Bill lambeu o seu pescoço e
sussurrou:
- O seu cheiro é tão viciante… Pergunto-me se o seu sabor é tão delicioso
quanto isso…Bill cheirou a sua pele branca, macia
e bastante quente, e sorriu ainda sussurrando:
- Hum… Deveras delicioso!- Por favor! – Nicole implorava mais
alto, passando as suas mãos pelo corpo dele, tentado desesperadamente livrar-se
daquelas roupas.
Bill foi descendo uma mão para o seu
corpete e retirou-o com força. Com os seus seios expostos, Nicole sentiu a
língua do conde explorá-los, e gritou quando ele mordeu os seus mamilos, mas
não eram gritos de dor, eram de puro prazer…

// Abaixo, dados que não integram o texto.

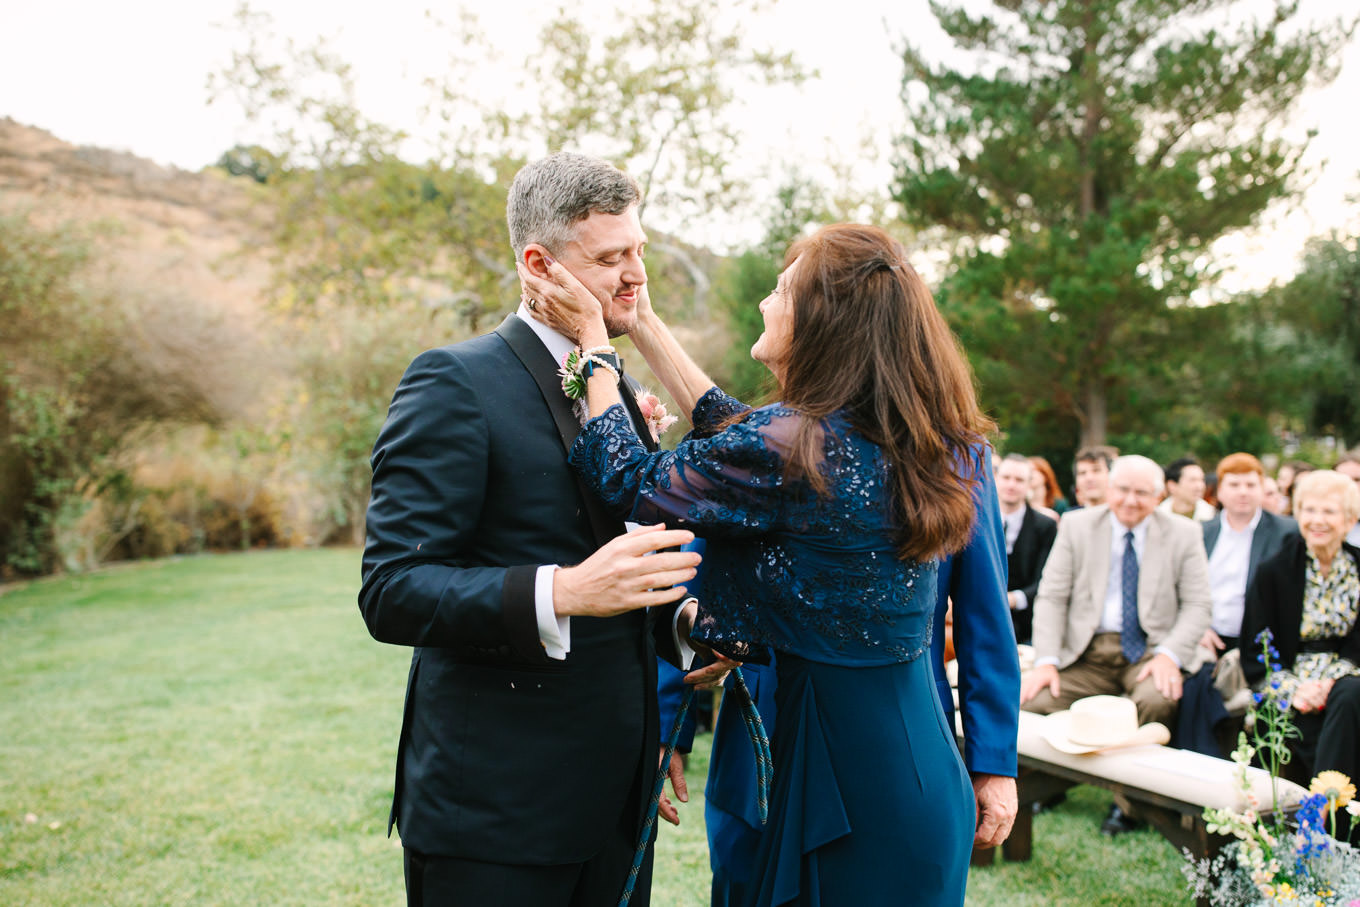 Groom with his mom at wedding ceremony | Colorful and quirky wedding at Higuera Ranch in San Luis Obispo | #sanluisobispowedding #californiawedding #higueraranch #madonnainn   
Source: Mary Costa Photography | Los Angeles

- Como sois quente… Grita mais para mim…Nicole gritou e gemeu com aquele
prazer tórrido. Mas ela queria mais, muito mais… O conde foi então descendo as
suas mãos para as pernas dela, e apertou-as levemente, Nicole enlaçou-as á cintura
dele e mordeu os lábios sugando-os de seguida. Como desesperava por aquele
corpo, senti-lo dentro de sim e contorcer-se de prazer…
O conde subiu mais a sua mão,
acariciando o sexo dela por cima das cuecas que quase a levou á loucura.
- Mais! – Ela gritava.
E o conde sem querer fazê-la esperar
mais, entrou dentro dela arrancando-lhe um gemido profundo e Nicole prendeu-o
mais com as duas pernas para que ele a penetrasse mais fundo.
Ela conseguia senti-lo agora, cada
vez que o conde aumentava as suas investidas, sentia o seu corpo contorcer-se
com as chamas do prazer, e quanto mais ele ia fundo, mais ela gemia e arranhava
as suas costas.
- Grite o meu nome… - Sussurrou no ouvido dela.
- Bill! Bill! Mais!
Ela faria tudo o que ele quisesse, o
conde era irresistível demais para recusar algum dos seus pedidos… E ela
gritava cada vez mais até que ao chegar ao clímax abriu os olhos…
Estava deitada na sua cama agarradas
aos lençóis coberta de suor… Tinha sido um sonho, apenas um sonho… Olhou em
volta, o seu quarto parecia quente demais…
Levantou-se ainda com a sua respiração
ofegante e pegou numa toalha enxugando a sua testa. Sentou-se em frente ao
espelho e suspirou. Como é que um conde poderia ter feito tal coisa com ela?
Porque é que ele atormentava seus sonhos despertando loucuras que nunca sonhou?
Levou a sua mão ao coração e falou:
- Acalme-se coração… Por favor
acalme-se…
Olhou pela janela e viu que já
amanhecera, sorriu, adorava o amanhecer, o início de um novo dia.
Depois de um banho quente e vestida,
desceu as escadas para o pequeno-almoço.
- Bom dia minha mãe. – Falou beijando
a sua testa.
- Bom dia… Sentes-te melhor? –
Perguntou Rachel olhando as feições de sua filha.
- Não percebi, peço desculpa. Melhor
em relação a quê?
- Suspirastes toda a noite, chagaste
até mesmo a soltar um grito…
Nicole ficou sem respiração por dois
segundos. Sentiu o seu rosto ficar corado e engasgou-se com a sua própria
saliva.
- Estás bem minha filha? – Rachel
levantou-se e pôs a mão na testa dela. - Estás febril… Melhor chamar o médico…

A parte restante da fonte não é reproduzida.